Category Archives: NWSL

NWSL: Catching Up By Taking Worse Shots?

One of the strategic questions that has always interested me is: what is the best way to catch up after going behind in a soccer match? To my mind, there are two options:

  1. Take a lot of low percentage shots, hoping that volume makes up for a lack of quality.
  2. Be patient and wait for the high quality chances, hoping that quality makes up for a lack of volume.

There are merits to both, and you could probably solve this mathematically based on expected number of shots and expected quality per shot given any number of variables. My head is spinning thinking about how you’d actually solve this equation, but given enough familiarity with teams and the right data the math would be easy enough. Solving this equation isn’t my goal with this post, instead I want to see what teams have done and use observable data to see what their strategies are/potentially how they’ve solved the problem for themselves.

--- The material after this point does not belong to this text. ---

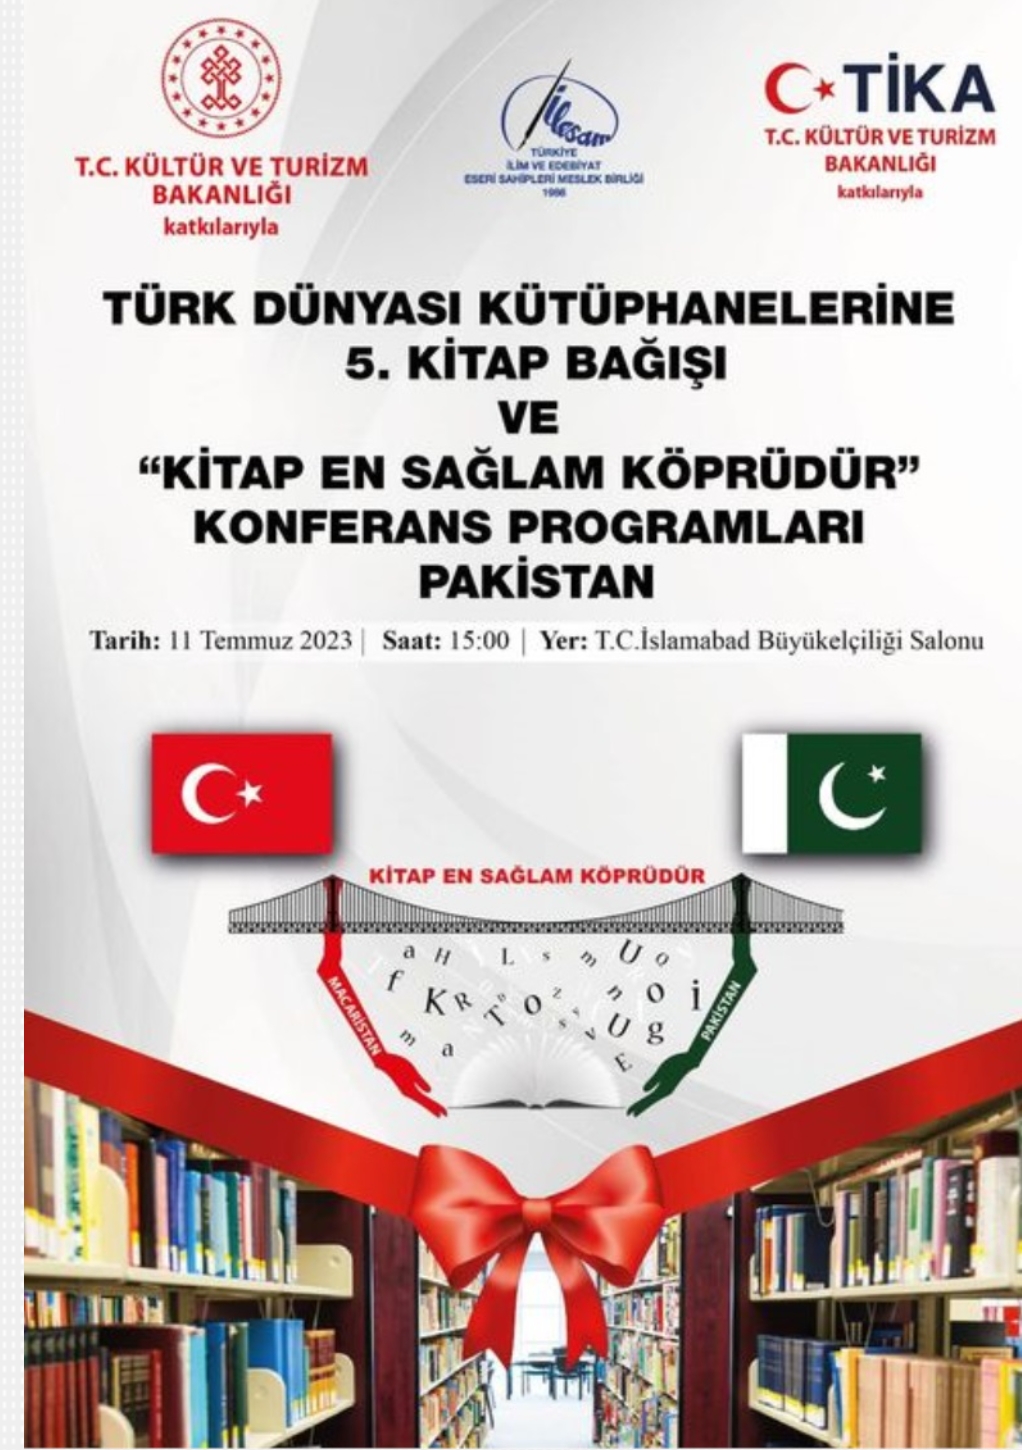 İLESAM, Türk Dünyası Ülke Kütüphanelerine Kitap Bağışı Projesi Kapsamında Pakistan’a 10.000 Kitap Bağışladı.

To do this, I’ve undertaken two separate analyses. The first is simple enough: what is the likelihood that a shot goes in given the game state at the time of the shot? More simply put: does shot quality correlate with score?

To answer the question, I ran an analysis (full details in the appendix) looking at each shot in the NWSL this season and part of last season1. I calculated the probability that each shot becomes a goal, and compared those probabilities when the score is even, the shooter’s team is one goal ahead/behind, two goals ahead/behind, three goals ahead/behind.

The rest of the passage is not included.